KIGALI, Rwanda – In 2006, the Alliance for a Green Revolution in Africa (AGRA) set out to solve the problem of farmers regularly losing their crop to various elements, among them poor soil conditions.

For this a $100m fund was set to develop resilient seed varieties, which were uniquely adapted to thrive in local conditions.

A decade later, 600 new seed varieties were launched and offered to the public. But next came the challenge of ensuring that the farmers had access to the new seed varieties.

“We initially thought that we could get the seeds to the farmers through private seed companies, but it later emerged that most of the farmers we were targeting, especially those from rural landscapes, were not buying their seeds from seed companies,” said Agra’s vice president Joe DeVries, during a plenary session at the African Green Revolution Forum (AGRF) in Kigali, Rwanda.

The challenge drove DeVries and his team back to the drawing board, where they realised that they would have better access to farmers through partnerships with local agro-dealers and other local agencies, which already had known seed distribution platforms.

With this change in strategy, the uptake was tremendous.

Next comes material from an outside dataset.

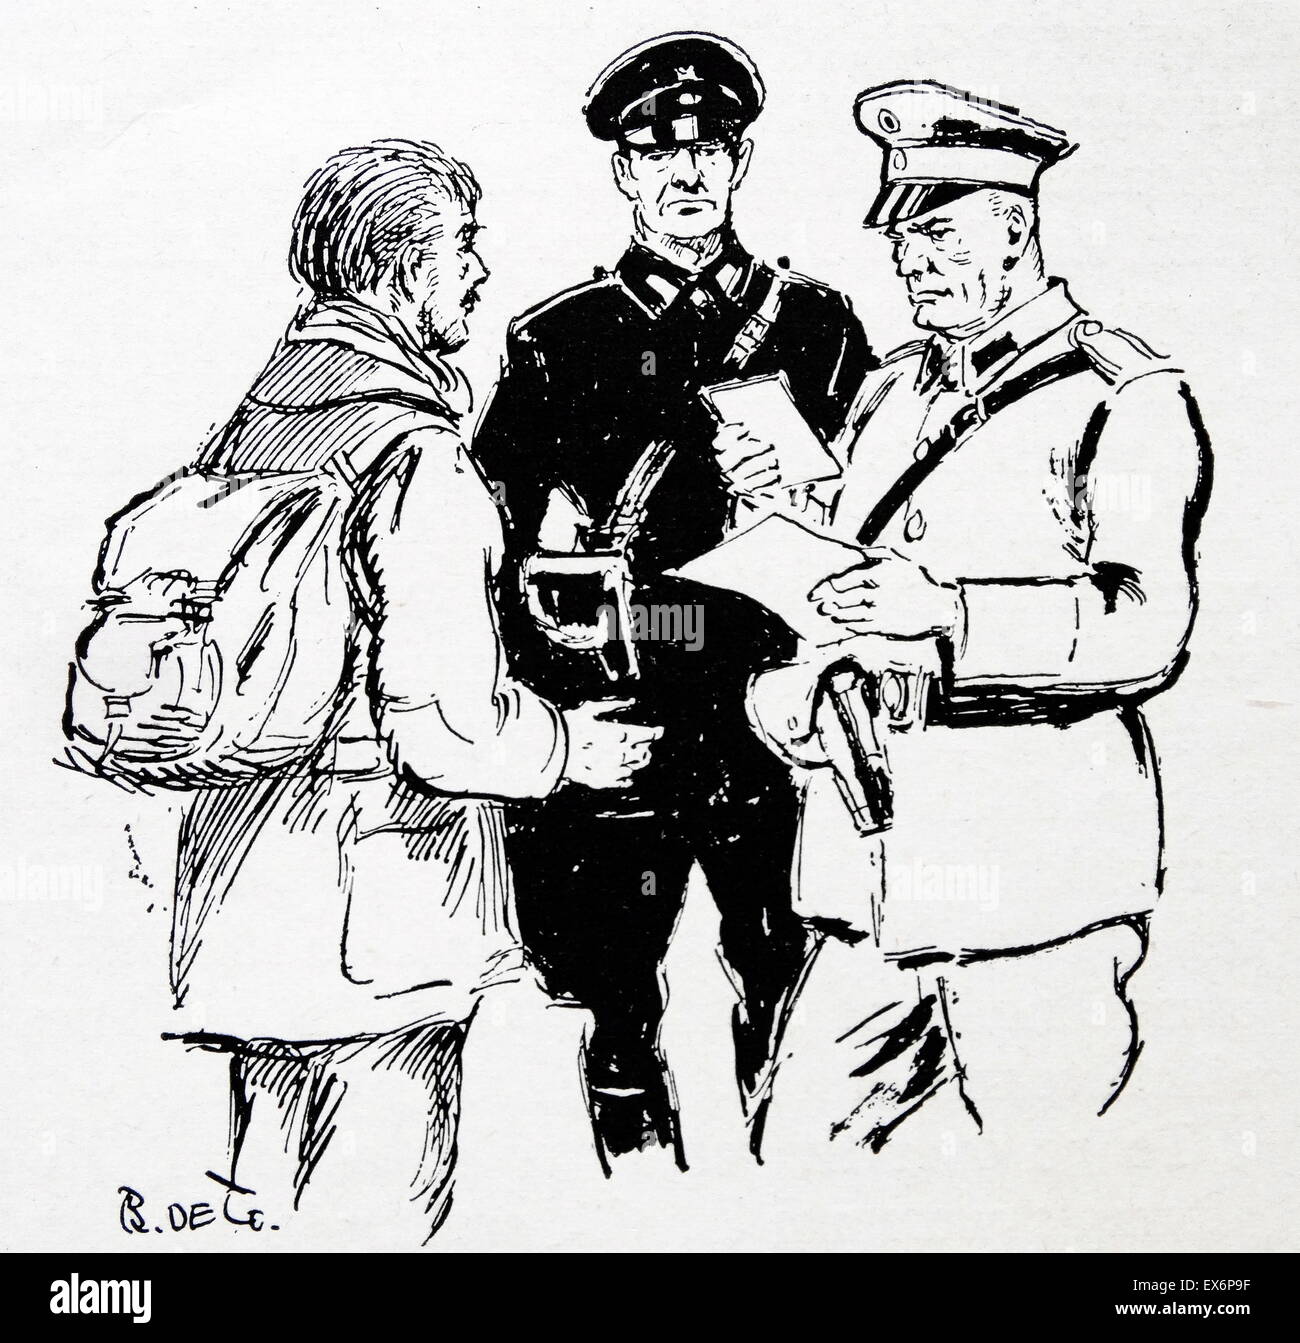 illustration depicting an escaped British prisoner of war having his forged papers examined by Nazi officers Stock Photo

“Farmers live and die by the value of their technology; they have an innate understanding that makes them clearly interested in things that will be of benefit to them,” said DeVries.

Similar partnerships, between private institutions, governments and local communities can be used to establish structures that make African farmers resilient against the vagaries of climate change, a crisis that is made worse by the fact that 95 percent of its farming is rain fed.

“Farmers whose production mainly depends on rain-fed strategies will certainly be underprivileged when it comes to resilience. But with proper public-private partnerships, these farmers can be helped to make transitions to better agricultural plans,” said Munhamo Chisvo, the CEO and Head of Mission, FANRPAN.

Shifts to irrigated systems have been slow as the majority of Africa’s farmers run small-scale operations with limited access to finance and information on global trends.

To mitigate this challenge, the World Food Bank CEO and Chairman Richard Lackey, says there is need for governments and private stakeholders alike to rethink their models for blended finance and come up with systems that work in the grassroots.

“When we talk about agriculture finance, most of the discussions are focussed on projects. But projects have limited success because there are other elements along the value chain that are ignored. Consequently we see a disconnect between the large national public-private partnerships and what we see in grassroots, which tend to be smaller,” said Lackey.

“There may be cause for institutions to rethink the models used in implementing financing through public-private partnerships.”

Dr. Charles Karangwa, the Regional Coordinator for the Forest Landscape Restoration, International Union for Conservation of Nature (IUCN), like Lackey, believes that for the achievement of set agricultural goals, strong public-private partnerships need to be effected across all sections.

“One of the challenges we have for smallholder farmers is a lack of extension services-services that were available in the past, but have now been dropped. To bring back these services, it is important that government leaders work with private institutions,” he said.

In the end, speakers at the forum agreed that structured public-partnership are an ideal entry point for financiers and other support providers, speeding the growth of agricultural transformation in the continent.

In this regard, Devries confirmed that AGRA was in the process of establishing a large agribusiness fund for the benefit of Africa farmers and producers.

“We are targeting people who have good vision, among them seed distributors, food processors and prepared food manufacturers. However, we are going to start small, with $50,000 to $100,000 loans, to those that meet the requirements,” said DeVries.